■ Problem description
Of the lines in the material below, print only those from the one containing "d503745e706 Free People" to the one containing "Школа в Загорске. 1955-1956 годы", ends included, exactly as written and without pictures.

■ Supplied data
────────────────────────────────────────

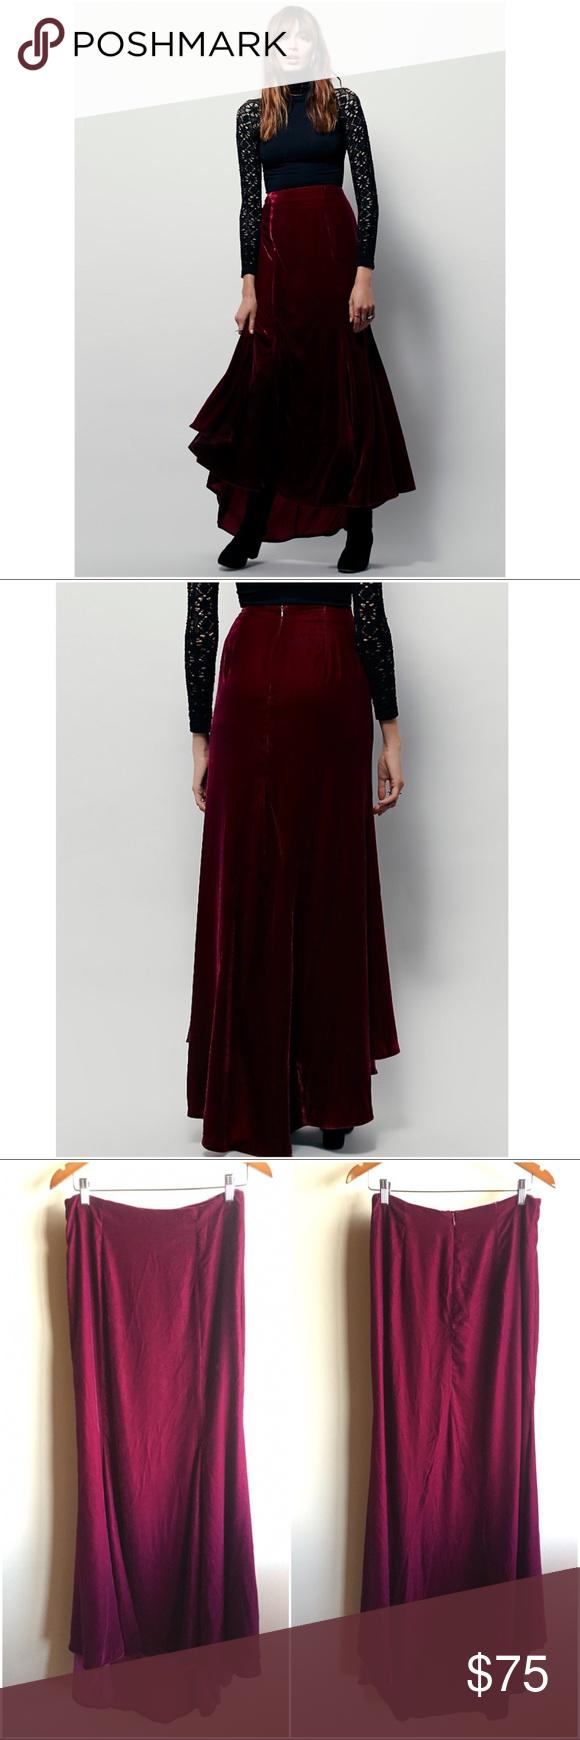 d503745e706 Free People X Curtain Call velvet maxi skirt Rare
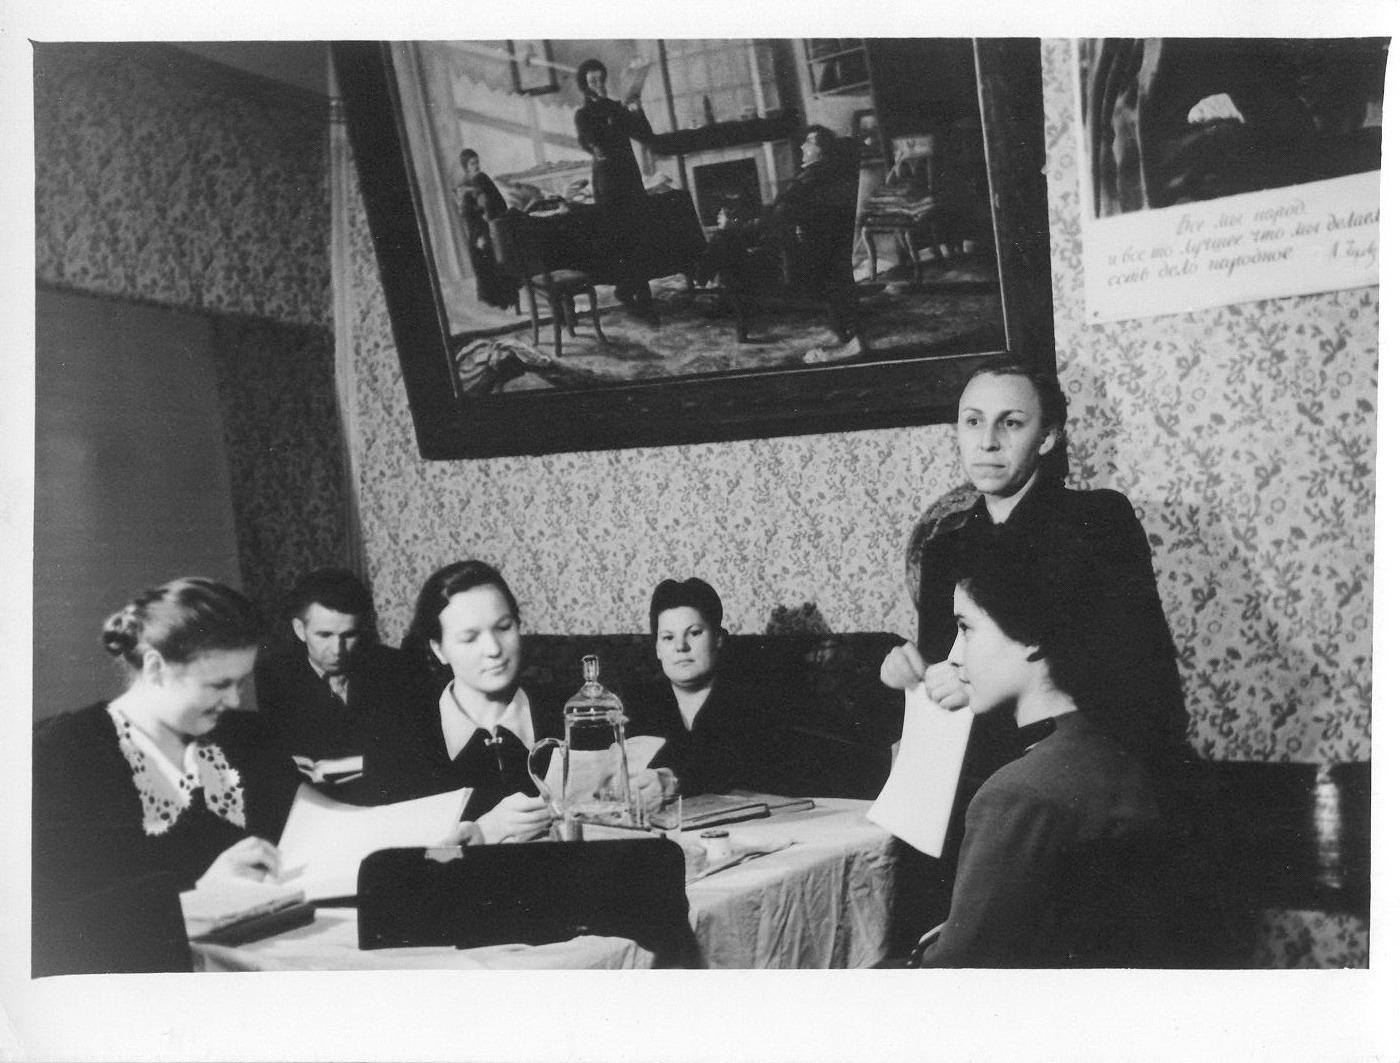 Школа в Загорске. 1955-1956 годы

────────────────────────────────────────

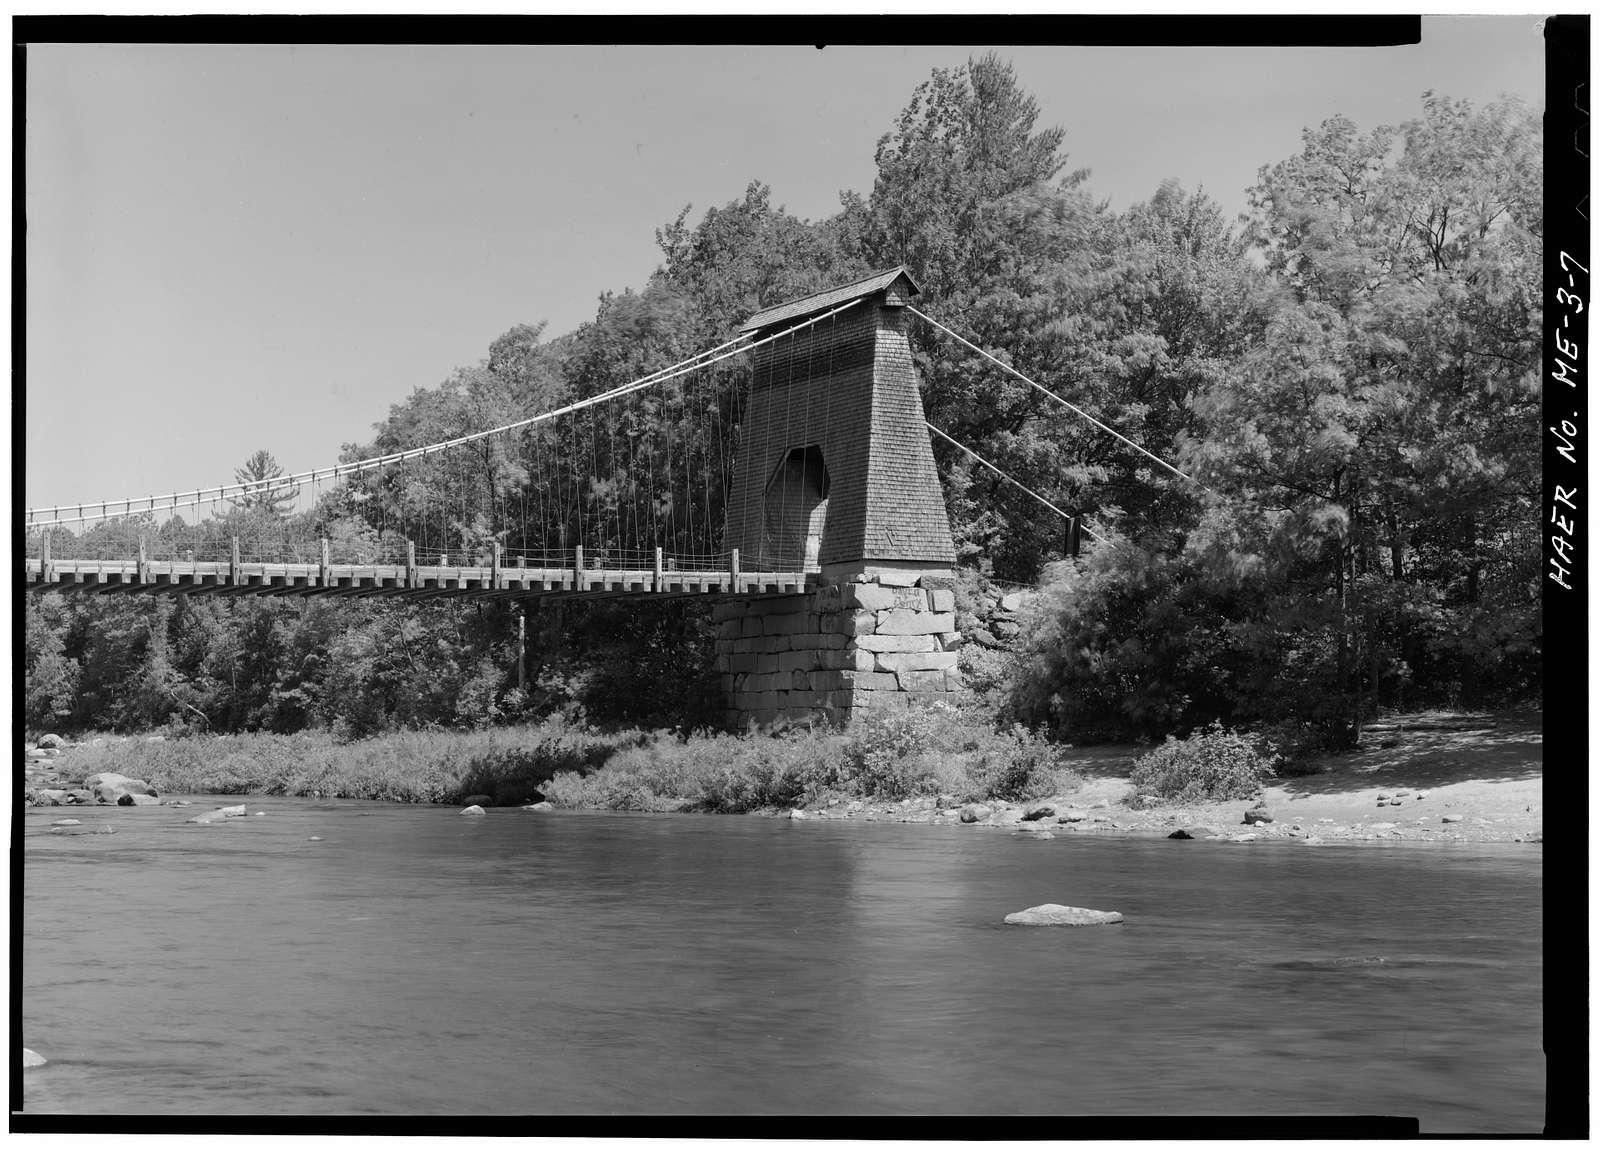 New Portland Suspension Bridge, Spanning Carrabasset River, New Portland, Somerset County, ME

────────────────────────────────────────

■ Solution to this task
 d503745e706 Free People X Curtain Call velvet maxi skirt Rare
 Школа в Загорске. 1955-1956 годы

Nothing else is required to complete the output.